“What’s the use? I can’t dine,” he uttered argumentatively. “I’m not going to change a note, and I won’t dine. I’ve no Club. There’s not a fellow I can see who’ll ask me to dine. I’ll lounge along home. There is some Sherry there.”
But Algernon bore vividly in mind that he did not approve of that Sherry.
“I’ve heard of fellows frying sausages at home, and living on something like two shillings a day,” he remarked in meditation; and then it struck him that Mrs. Lovell’s parcel of returned jewels lay in one of his drawers at home—that is, if the laundress had left the parcel untouched.
In an agony of alarm, he called a cab, and drove hotly to the Temple. Finding the packet safe, he put a couple of rings and the necklace with the opal in his waistcoat pocket. The cabman must be paid, of course; so a jewel must be pawned. Which shall it be? diamond or opal? Change a dozen times and let it be the trinket in the right hand—the opal; let it be the opal. How much would the opal fetch? The pawnbroker can best inform us upon that point. So he drove to the pawnbroker; one whom he knew. The pawnbroker offered him five-and-twenty pounds on the security of the opal.
“What on earth is it that people think disgraceful in your entering a pawnbroker’s shop?” Algernon asked himself when, taking his ticket and the five-and-twenty pounds, he repelled the stare of a man behind a neighbouring partition.

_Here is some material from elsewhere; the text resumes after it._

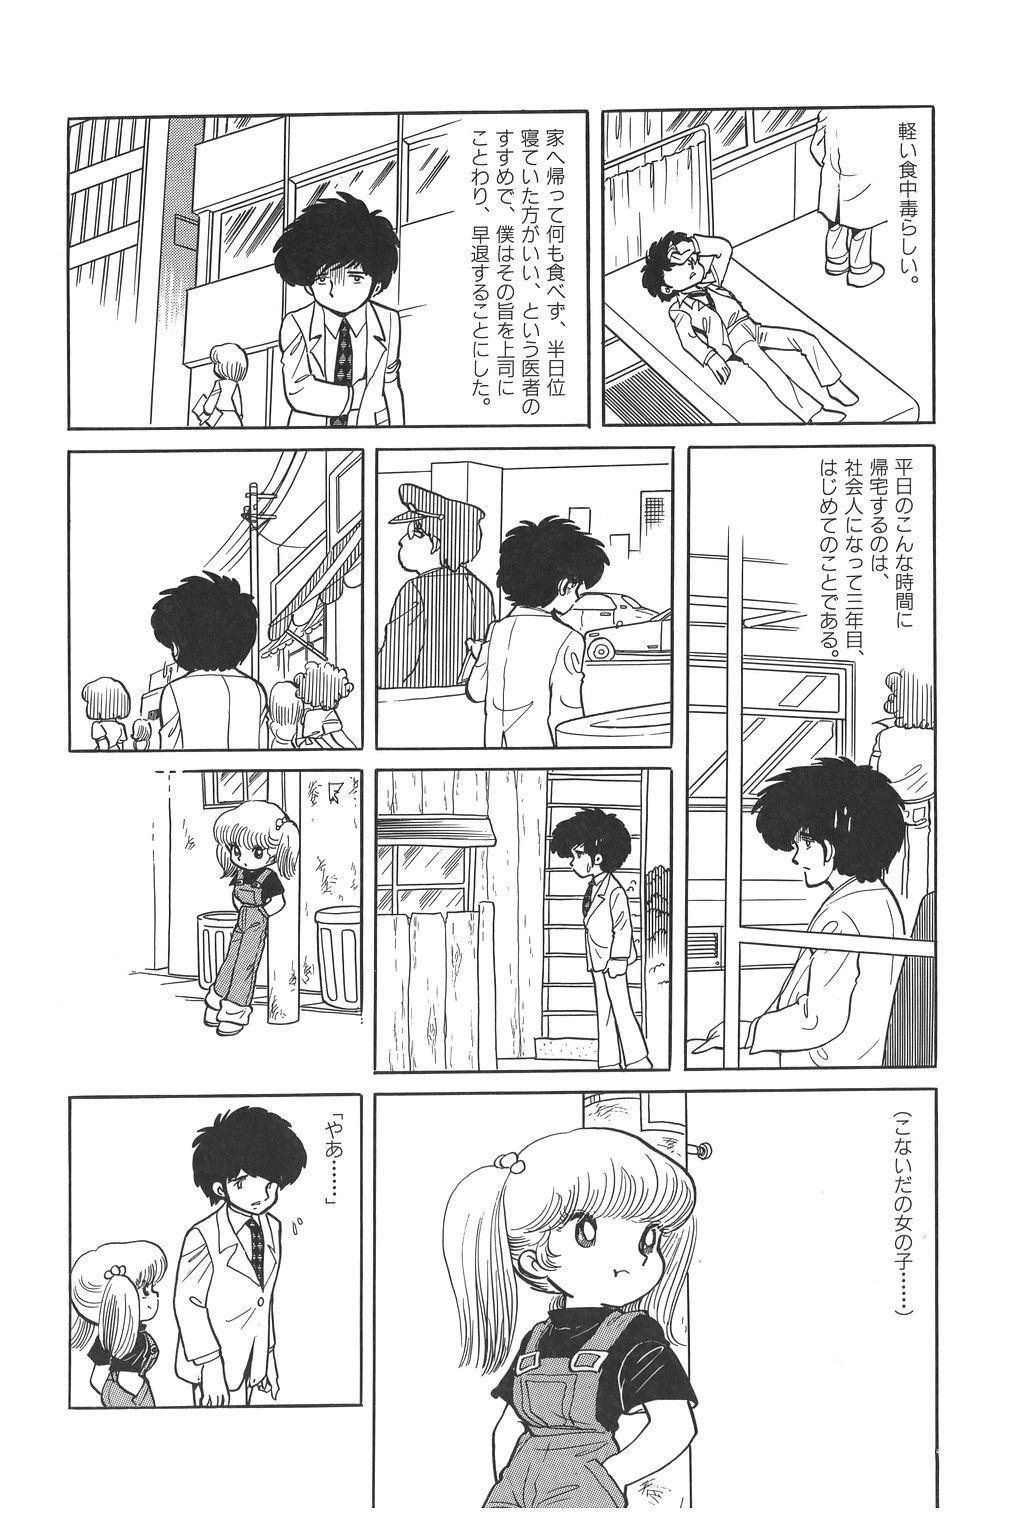 Azuma Hideo Sakuhin Shuusei - Yoru no Tobari no Naka de 104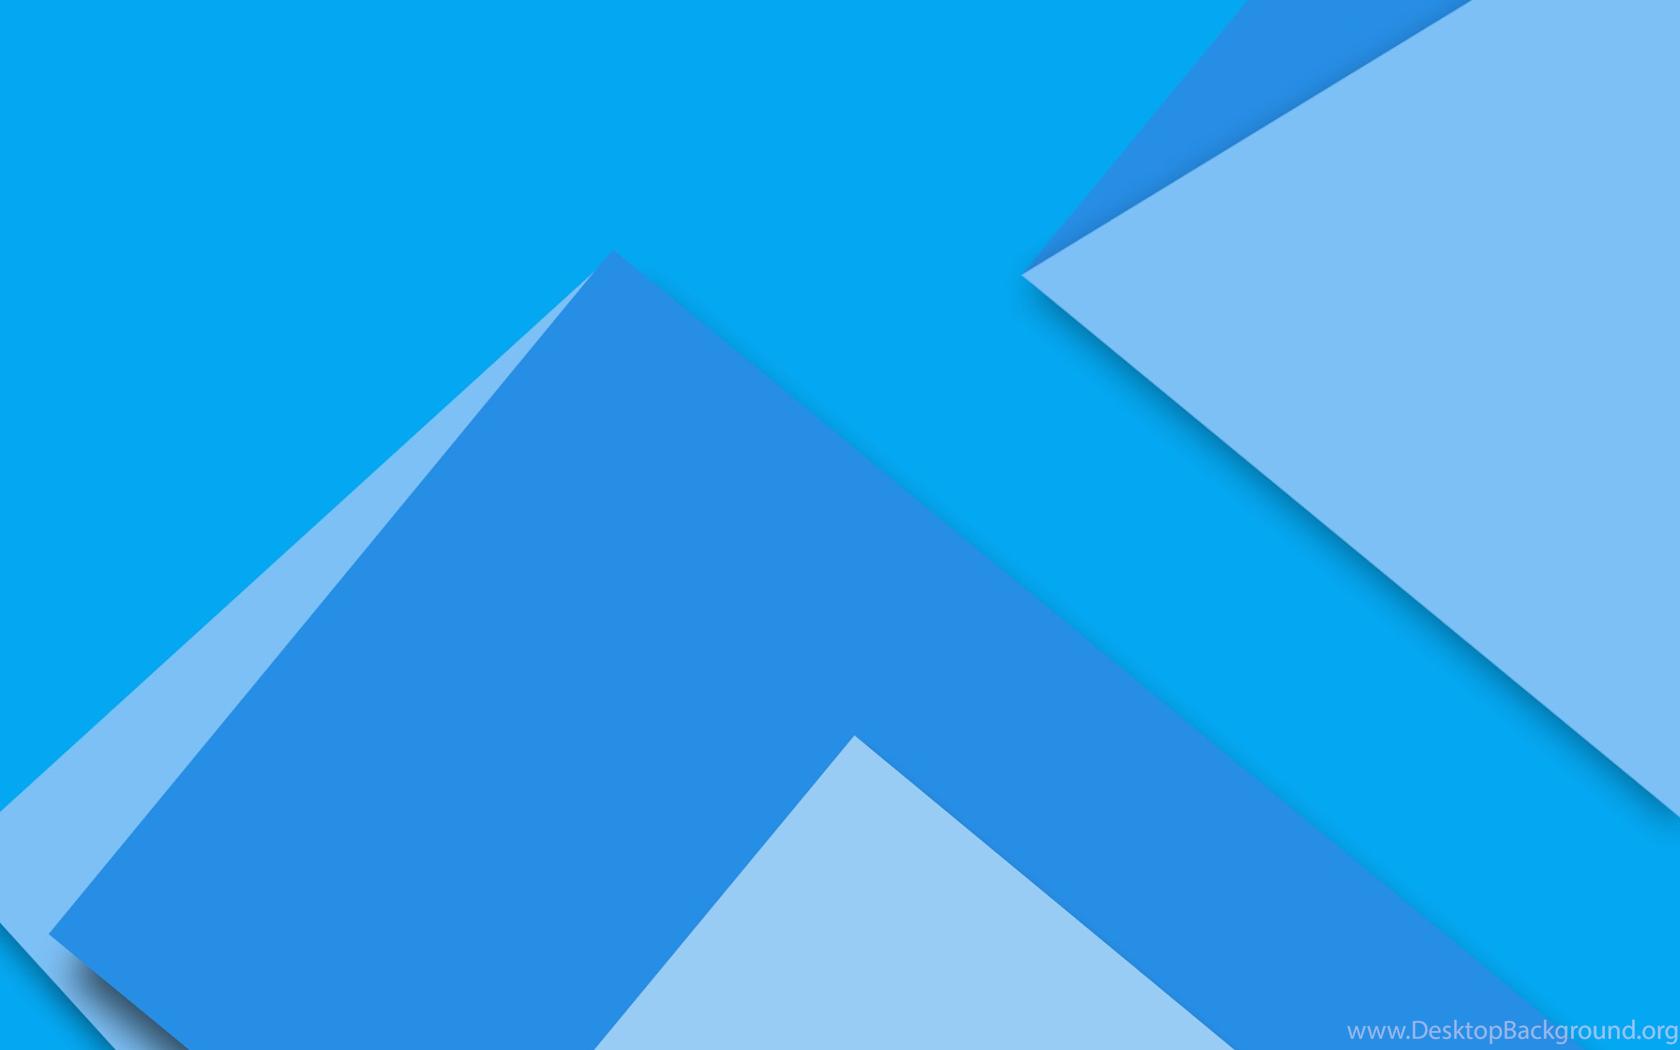 Material Design Hd Desktop Wallpaper 23164: 80 Google Material Design HD Wallpapers Desktop Background

“There are not many of that sort in the kingdom,” he said to the pawnbroker, who was loftily fondling the unlucky opal.
“Well—h’m; perhaps there’s not;” the pawnbroker was ready to admit it, now that the arrangement had been settled.
“I shan’t be able to let you keep it long.”
“As quick back as you like, sir.”
Algernon noticed as he turned away that the man behind the partition, who had more the look of a dapper young shopman than of a needy petitioner for loans or securities, stretched over the counter to look at the opal; and he certainly heard his name pronounced. It enraged him; but policy counselled a quiet behaviour in this place, and no quarrelling with his pawnbroker. Besides, his whole nature cried out for dinner. He dined and had his wine; as good, he ventured to assert, as any man could get for the money; for he knew the hotels with the venerable cellars.
“I should have made a first-rate courier to a millionaire,” he said, with scornful candour, but without abusing the disposition of things which had ordered his being a gentleman. Subsequently, from his having sat so long over his wine without moving a leg, he indulged in the belief that he had reflected profoundly; out of which depths he started, very much like a man who has dozed, and felt a discomfort in his limbs and head.
“I must forget myself,” he said. Nor was any grave mentor by, to assure him that his tragic state was the issue of an evil digestion of his dinner and wine. “I must forget myself. I’m under some doom. I see it now. Nobody cares for me. I don’t know what happiness is. I was born under a bad star. My fate’s written.” Following his youthful wisdom, this wounded hart dragged his slow limbs toward the halls of brandy and song.